Dataset content ▸
········

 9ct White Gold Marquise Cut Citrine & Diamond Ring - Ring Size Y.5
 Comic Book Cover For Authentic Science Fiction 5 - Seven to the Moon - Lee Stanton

········

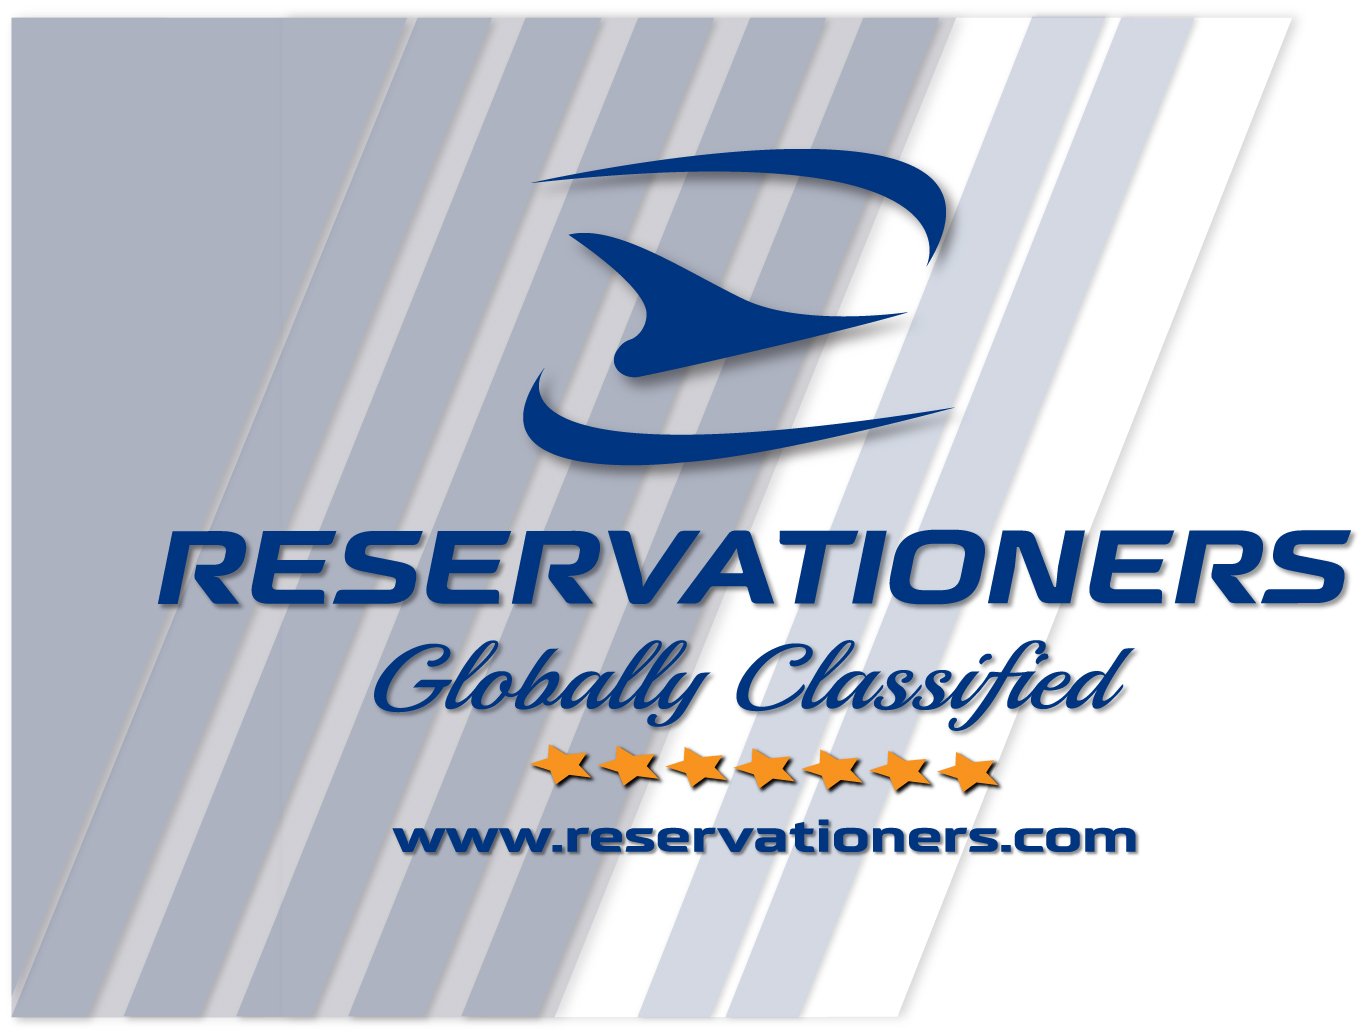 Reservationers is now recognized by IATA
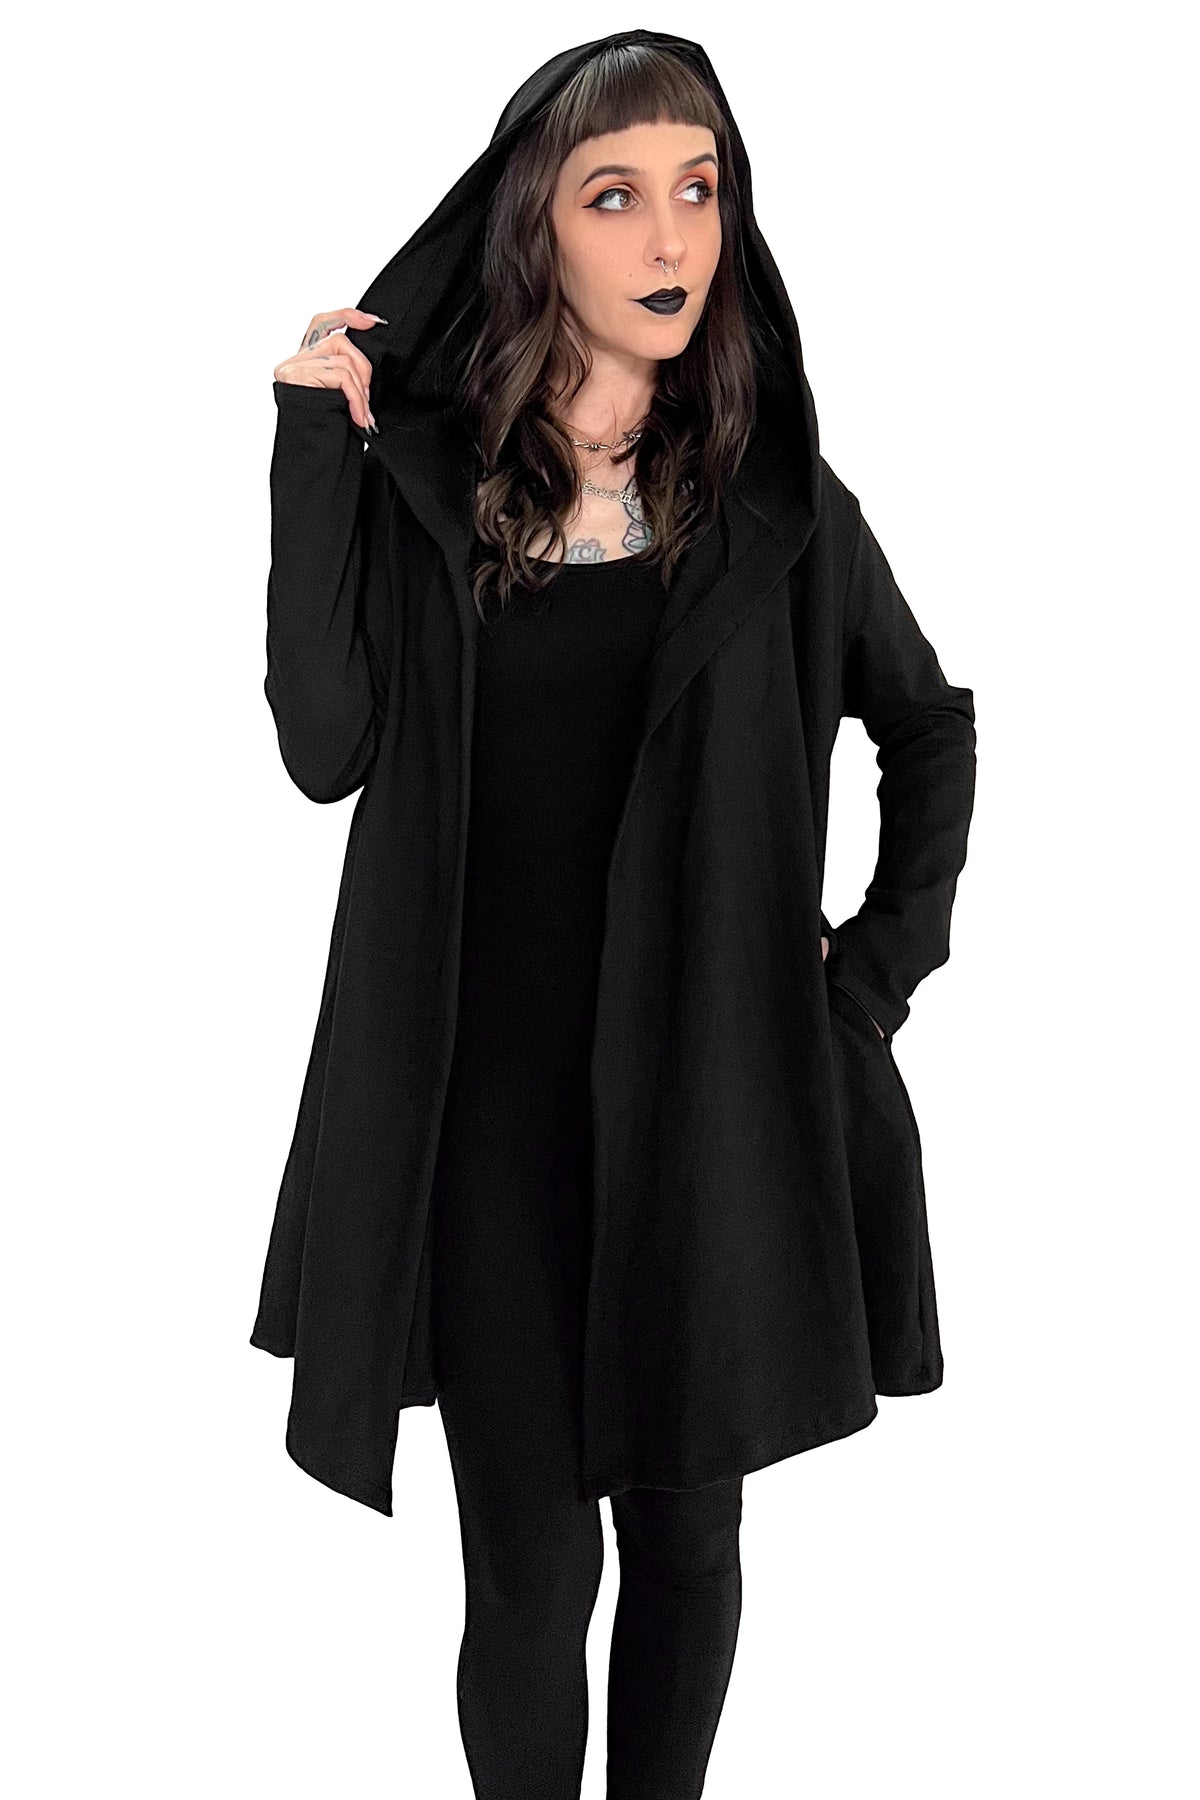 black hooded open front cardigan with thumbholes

········

All that is wanted is the stretch of lines above from the one containing "9ct White Gold" through the one containing "Comic Book Cover", duplicated exactly.

 9ct White Gold Marquise Cut Citrine & Diamond Ring - Ring Size Y.5
 Comic Book Cover For Authentic Science Fiction 5 - Seven to the Moon - Lee Stanton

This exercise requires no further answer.